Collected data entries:
===

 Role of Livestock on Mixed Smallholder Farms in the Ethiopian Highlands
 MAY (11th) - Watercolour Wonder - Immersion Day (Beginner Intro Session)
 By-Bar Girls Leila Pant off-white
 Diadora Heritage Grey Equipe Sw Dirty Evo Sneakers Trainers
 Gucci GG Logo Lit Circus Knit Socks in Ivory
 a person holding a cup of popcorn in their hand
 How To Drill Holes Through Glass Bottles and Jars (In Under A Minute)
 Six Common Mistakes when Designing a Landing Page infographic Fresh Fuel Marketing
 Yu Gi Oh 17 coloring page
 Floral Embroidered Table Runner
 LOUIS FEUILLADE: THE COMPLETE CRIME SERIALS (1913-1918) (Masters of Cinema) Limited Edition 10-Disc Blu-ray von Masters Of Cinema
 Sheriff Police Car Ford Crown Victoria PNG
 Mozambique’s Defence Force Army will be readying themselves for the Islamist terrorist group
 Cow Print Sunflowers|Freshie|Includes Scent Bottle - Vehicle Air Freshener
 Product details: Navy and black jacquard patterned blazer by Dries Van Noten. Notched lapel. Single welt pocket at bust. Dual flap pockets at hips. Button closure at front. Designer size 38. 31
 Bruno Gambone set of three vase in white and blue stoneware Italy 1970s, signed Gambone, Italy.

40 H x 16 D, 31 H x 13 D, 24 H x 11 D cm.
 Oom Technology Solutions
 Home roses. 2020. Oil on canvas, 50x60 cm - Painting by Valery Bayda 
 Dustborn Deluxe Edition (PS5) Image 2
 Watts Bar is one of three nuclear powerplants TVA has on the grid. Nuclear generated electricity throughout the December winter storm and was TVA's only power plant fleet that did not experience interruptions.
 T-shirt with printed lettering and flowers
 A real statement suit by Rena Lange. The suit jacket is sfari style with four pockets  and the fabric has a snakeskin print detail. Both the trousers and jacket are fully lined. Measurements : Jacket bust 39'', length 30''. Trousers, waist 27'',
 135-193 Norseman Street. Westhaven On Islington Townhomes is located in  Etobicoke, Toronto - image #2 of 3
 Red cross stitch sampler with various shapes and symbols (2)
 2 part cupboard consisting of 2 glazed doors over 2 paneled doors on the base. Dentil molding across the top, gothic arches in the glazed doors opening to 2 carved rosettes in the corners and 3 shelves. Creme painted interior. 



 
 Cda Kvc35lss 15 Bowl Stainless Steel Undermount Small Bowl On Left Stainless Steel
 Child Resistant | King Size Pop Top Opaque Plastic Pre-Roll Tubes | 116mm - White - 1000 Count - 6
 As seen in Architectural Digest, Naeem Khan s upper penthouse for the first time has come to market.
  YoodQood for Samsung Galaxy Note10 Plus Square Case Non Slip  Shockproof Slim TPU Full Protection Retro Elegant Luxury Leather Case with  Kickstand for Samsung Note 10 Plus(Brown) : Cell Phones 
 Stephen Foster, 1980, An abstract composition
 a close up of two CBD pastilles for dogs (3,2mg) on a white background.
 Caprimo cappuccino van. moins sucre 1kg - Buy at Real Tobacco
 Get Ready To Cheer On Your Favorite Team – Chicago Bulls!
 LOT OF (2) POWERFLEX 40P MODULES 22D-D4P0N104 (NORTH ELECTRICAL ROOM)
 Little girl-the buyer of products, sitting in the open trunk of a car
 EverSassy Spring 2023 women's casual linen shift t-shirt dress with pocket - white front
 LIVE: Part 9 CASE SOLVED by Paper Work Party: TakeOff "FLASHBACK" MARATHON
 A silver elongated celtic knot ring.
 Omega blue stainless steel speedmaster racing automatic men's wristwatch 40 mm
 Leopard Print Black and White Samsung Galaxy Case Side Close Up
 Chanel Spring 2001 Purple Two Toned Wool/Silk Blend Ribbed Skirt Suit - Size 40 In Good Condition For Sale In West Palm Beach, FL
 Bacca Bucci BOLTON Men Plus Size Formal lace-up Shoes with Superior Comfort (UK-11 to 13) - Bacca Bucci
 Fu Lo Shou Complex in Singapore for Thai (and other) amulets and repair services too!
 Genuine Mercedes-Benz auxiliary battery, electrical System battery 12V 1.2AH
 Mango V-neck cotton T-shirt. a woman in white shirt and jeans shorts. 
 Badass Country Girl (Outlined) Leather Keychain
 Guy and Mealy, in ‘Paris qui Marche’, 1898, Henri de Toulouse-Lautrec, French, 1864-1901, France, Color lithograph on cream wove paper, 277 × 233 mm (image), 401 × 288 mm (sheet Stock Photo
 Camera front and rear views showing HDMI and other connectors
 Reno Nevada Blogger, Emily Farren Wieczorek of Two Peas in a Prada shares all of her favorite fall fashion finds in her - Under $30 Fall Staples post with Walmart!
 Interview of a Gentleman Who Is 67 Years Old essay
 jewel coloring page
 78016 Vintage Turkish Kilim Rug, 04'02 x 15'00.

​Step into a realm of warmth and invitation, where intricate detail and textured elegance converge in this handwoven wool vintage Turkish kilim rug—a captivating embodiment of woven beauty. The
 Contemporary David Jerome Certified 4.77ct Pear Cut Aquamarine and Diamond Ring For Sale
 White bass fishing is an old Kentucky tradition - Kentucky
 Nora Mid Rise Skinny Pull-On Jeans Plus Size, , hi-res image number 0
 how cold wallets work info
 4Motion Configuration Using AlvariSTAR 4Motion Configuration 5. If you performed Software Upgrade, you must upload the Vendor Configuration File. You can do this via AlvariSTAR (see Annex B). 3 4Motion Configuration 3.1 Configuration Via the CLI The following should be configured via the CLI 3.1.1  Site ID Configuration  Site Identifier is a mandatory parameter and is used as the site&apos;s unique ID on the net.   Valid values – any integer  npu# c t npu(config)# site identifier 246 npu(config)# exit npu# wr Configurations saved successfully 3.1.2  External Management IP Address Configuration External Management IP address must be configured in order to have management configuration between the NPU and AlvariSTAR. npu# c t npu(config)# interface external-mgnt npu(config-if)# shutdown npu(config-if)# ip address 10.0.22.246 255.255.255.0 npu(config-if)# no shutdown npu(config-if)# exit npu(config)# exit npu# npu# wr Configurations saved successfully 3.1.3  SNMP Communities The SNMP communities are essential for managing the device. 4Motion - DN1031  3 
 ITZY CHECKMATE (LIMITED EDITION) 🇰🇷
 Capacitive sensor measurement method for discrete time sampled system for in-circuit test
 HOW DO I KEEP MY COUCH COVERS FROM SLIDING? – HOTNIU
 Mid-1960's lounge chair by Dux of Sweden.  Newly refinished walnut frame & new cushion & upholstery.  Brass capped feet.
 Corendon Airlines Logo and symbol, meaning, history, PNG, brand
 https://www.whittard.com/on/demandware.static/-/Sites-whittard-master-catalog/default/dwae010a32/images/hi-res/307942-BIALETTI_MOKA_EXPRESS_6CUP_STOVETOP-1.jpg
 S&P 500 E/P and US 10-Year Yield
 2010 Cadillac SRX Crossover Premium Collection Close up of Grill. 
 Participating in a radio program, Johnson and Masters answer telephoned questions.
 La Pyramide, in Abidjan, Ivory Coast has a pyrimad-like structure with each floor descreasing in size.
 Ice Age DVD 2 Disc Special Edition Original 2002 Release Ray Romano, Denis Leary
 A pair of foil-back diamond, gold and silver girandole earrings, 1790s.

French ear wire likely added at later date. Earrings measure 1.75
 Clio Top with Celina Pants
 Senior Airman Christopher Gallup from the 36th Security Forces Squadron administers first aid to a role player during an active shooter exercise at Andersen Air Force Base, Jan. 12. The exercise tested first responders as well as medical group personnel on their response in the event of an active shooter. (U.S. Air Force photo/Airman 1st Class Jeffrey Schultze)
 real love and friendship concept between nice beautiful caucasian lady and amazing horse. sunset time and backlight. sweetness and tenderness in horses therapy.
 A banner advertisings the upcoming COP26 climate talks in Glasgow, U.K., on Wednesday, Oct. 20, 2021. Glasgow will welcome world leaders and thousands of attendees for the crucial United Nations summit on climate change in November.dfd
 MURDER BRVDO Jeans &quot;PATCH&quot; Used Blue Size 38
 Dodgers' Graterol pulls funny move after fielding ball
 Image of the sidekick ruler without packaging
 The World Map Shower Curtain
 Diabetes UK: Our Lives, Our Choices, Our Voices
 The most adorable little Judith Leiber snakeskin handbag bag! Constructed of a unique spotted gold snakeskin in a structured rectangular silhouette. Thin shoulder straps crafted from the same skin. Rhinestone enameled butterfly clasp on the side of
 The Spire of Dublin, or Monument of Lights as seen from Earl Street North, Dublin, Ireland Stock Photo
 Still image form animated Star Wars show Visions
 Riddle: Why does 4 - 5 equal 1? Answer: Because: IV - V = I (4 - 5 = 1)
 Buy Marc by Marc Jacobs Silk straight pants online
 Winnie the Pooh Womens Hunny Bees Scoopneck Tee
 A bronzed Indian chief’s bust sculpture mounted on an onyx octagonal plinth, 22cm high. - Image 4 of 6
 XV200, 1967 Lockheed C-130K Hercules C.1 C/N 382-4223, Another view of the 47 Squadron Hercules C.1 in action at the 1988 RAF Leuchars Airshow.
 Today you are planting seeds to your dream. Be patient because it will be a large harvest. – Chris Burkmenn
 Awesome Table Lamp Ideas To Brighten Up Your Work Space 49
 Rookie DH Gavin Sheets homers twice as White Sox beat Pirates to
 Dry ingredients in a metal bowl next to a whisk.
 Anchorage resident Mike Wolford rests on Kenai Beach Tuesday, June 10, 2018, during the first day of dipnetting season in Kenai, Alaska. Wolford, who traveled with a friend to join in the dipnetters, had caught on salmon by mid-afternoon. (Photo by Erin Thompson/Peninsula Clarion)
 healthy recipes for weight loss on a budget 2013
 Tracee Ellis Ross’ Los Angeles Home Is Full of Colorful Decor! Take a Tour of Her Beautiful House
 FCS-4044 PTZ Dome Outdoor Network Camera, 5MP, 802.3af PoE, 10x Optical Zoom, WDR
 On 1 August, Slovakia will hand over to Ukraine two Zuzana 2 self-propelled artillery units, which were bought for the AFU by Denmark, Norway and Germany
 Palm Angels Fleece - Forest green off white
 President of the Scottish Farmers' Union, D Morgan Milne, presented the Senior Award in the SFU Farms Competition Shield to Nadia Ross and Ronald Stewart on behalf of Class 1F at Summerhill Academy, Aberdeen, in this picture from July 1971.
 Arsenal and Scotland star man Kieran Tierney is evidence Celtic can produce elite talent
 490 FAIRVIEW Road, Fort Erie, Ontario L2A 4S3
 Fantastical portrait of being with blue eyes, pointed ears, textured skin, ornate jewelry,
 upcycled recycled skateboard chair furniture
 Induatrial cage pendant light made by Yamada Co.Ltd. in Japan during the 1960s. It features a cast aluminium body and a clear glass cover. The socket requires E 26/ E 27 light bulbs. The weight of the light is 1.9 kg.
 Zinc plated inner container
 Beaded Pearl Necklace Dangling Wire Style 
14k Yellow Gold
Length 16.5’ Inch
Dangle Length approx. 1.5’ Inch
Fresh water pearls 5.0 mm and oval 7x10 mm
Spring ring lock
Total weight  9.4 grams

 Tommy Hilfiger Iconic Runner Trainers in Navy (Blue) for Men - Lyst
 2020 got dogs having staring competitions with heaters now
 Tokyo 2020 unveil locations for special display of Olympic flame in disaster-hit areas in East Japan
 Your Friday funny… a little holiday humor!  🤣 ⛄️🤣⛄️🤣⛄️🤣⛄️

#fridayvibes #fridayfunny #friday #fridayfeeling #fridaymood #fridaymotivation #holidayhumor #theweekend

===

### TASK PROMPT
Collect the lines of the records that include the string "Logo".

### REPLY
 Gucci GG Logo Lit Circus Knit Socks in Ivory
 Corendon Airlines Logo and symbol, meaning, history, PNG, brand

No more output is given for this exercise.